People with mental disorders experience discrimination as a consequence of stigmatising attitudes that are largely socio-culturally constructed. Thus, there is a need to understand local contexts in order to develop effective programs to change such attitudes. We undertook a mental health literacy survey in rural Maharashtra, India, prior to developing a mental health training program for village health workers (VHWs) in a primary health care setting.

Methods

A cross-sectional mental health literacy survey was undertaken in late 2007, which involved interviewer-administration of a questionnaire to 240 systematically sampled community members, and 60 purposively sampled VHWs.
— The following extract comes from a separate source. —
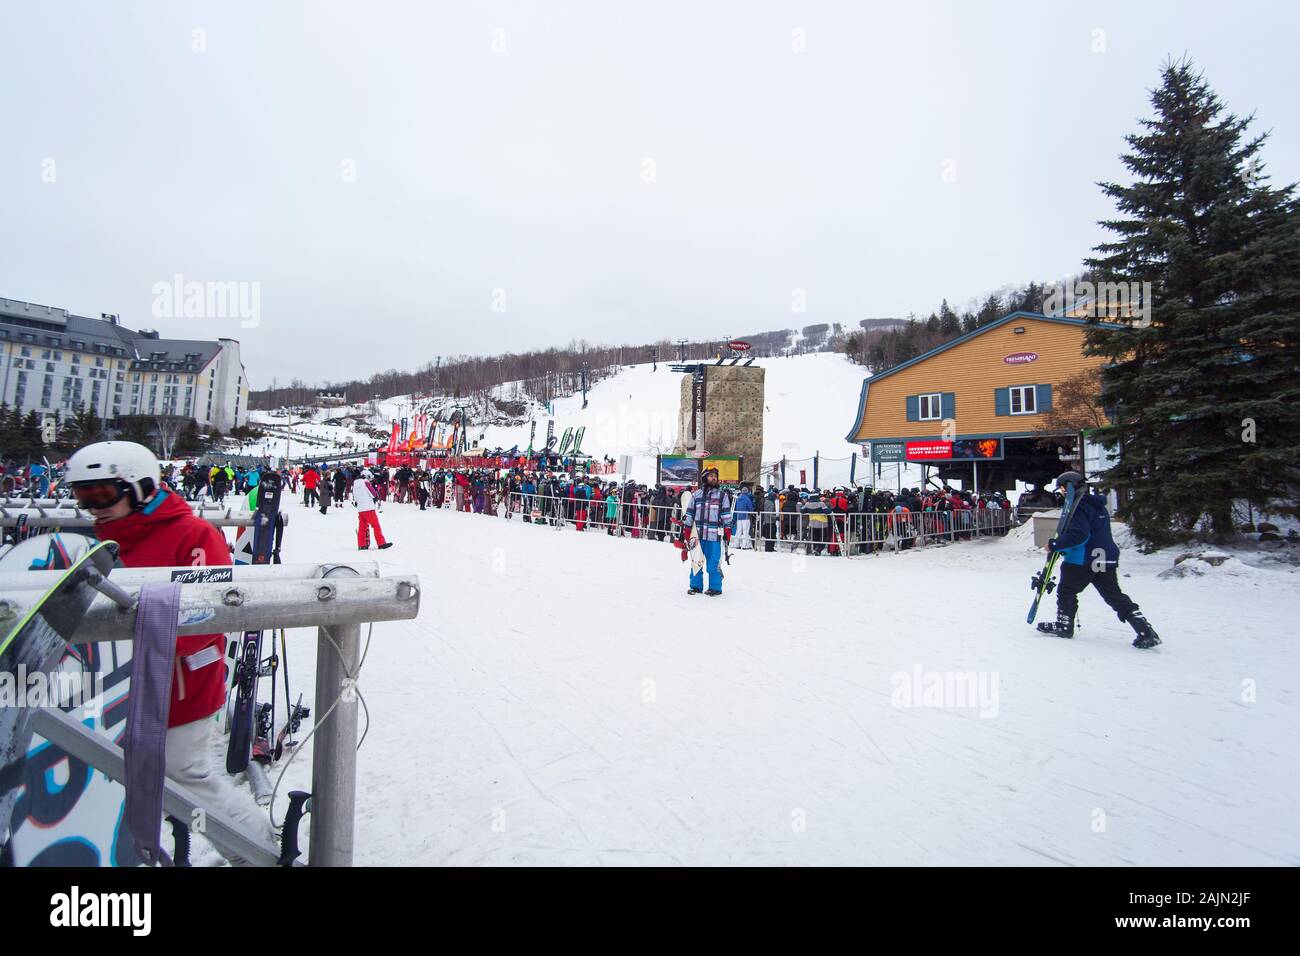 Mont Tremblant ski resort in winter Stock Photo
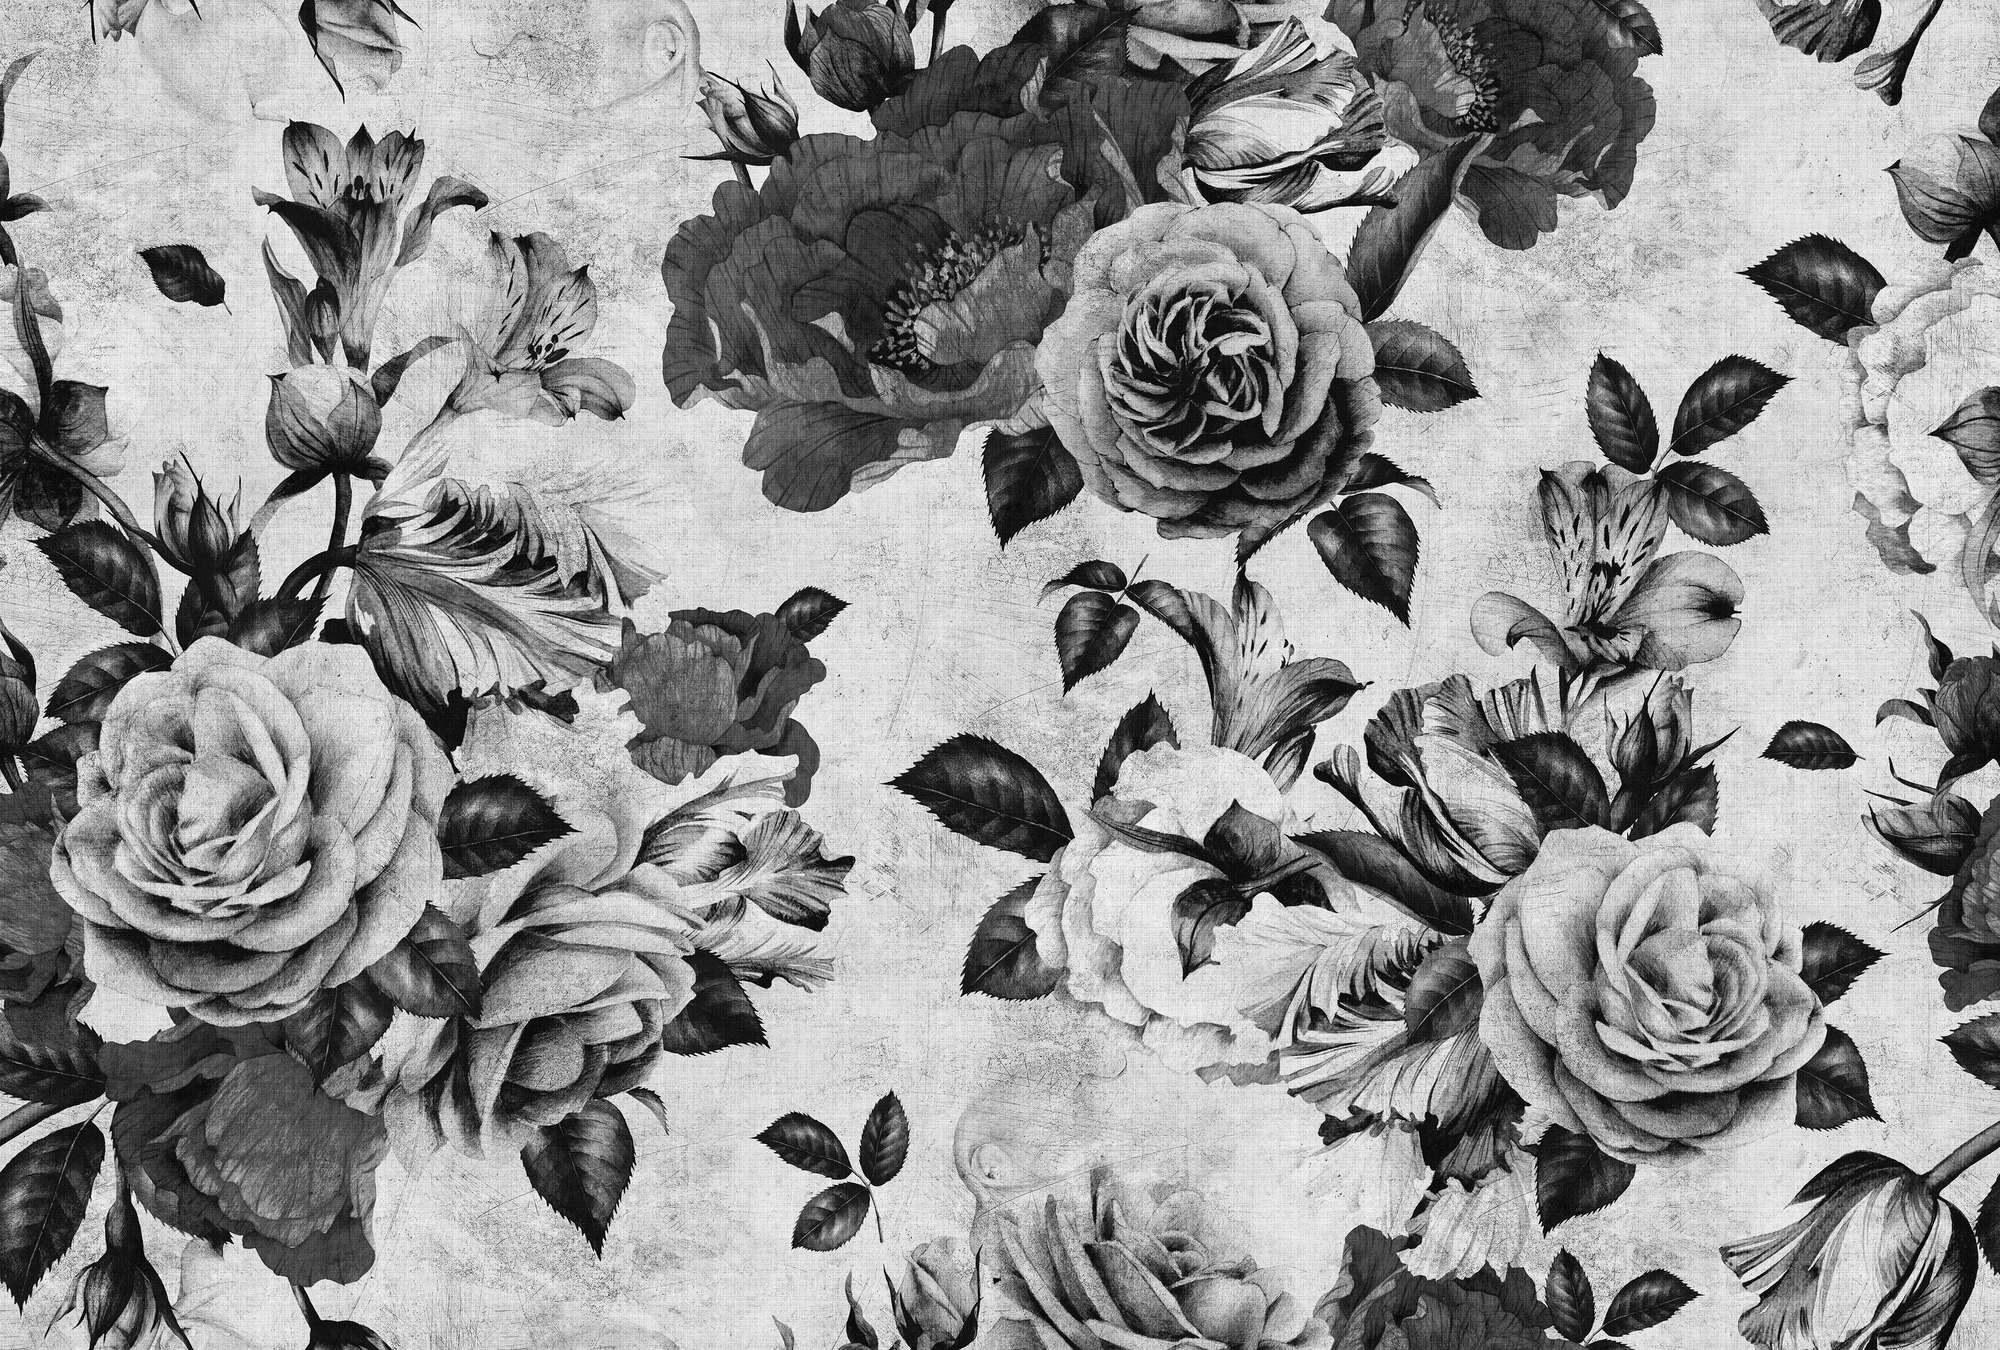             Spanish rose 1 - Papel pintado Rosa con flores blancas y negras en estructura de lino natural - gris, negro | estructura no tejida

Participants were presented with two vignettes describing people experiencing symptoms of mental disorders (depression, psychosis), and were asked about attitudes towards, and desired social distance from, the people in the vignettes (the latter being a proxy measure for stigma). Linear regression modelling was undertaken to identify predictors of social distance.

Results

Although the community was relatively accepting of people with mental disorders, false beliefs and negative attitudes were still evident. Desired social distance was consistently greater for the person depicted in the psychosis vignette compared to the depression vignette. For both vignettes, the main predictor of greater social distance was perceiving the person as dangerous, and the predictors of reduced social distance were being a VHW, and seeing the problem as a sign of personal weakness. For depression, believing the cause to be family tensions also reduced social distance. For psychosis, labelling the disorder as a mind/brain problem, and believing the cause to be lack of control over life or genetic factors increased social distance. The vast majority did not agree that the problems experienced in the vignettes were ‘a real medical illness’.

Conclusion

Promoting bio-medical explanations for mental disorders in this setting may exacerbate discriminatory attitudes. Provision of contextually relevant mental health training for the VHWs so that they are able to communicate, model and shape more positive attitudes is the next step.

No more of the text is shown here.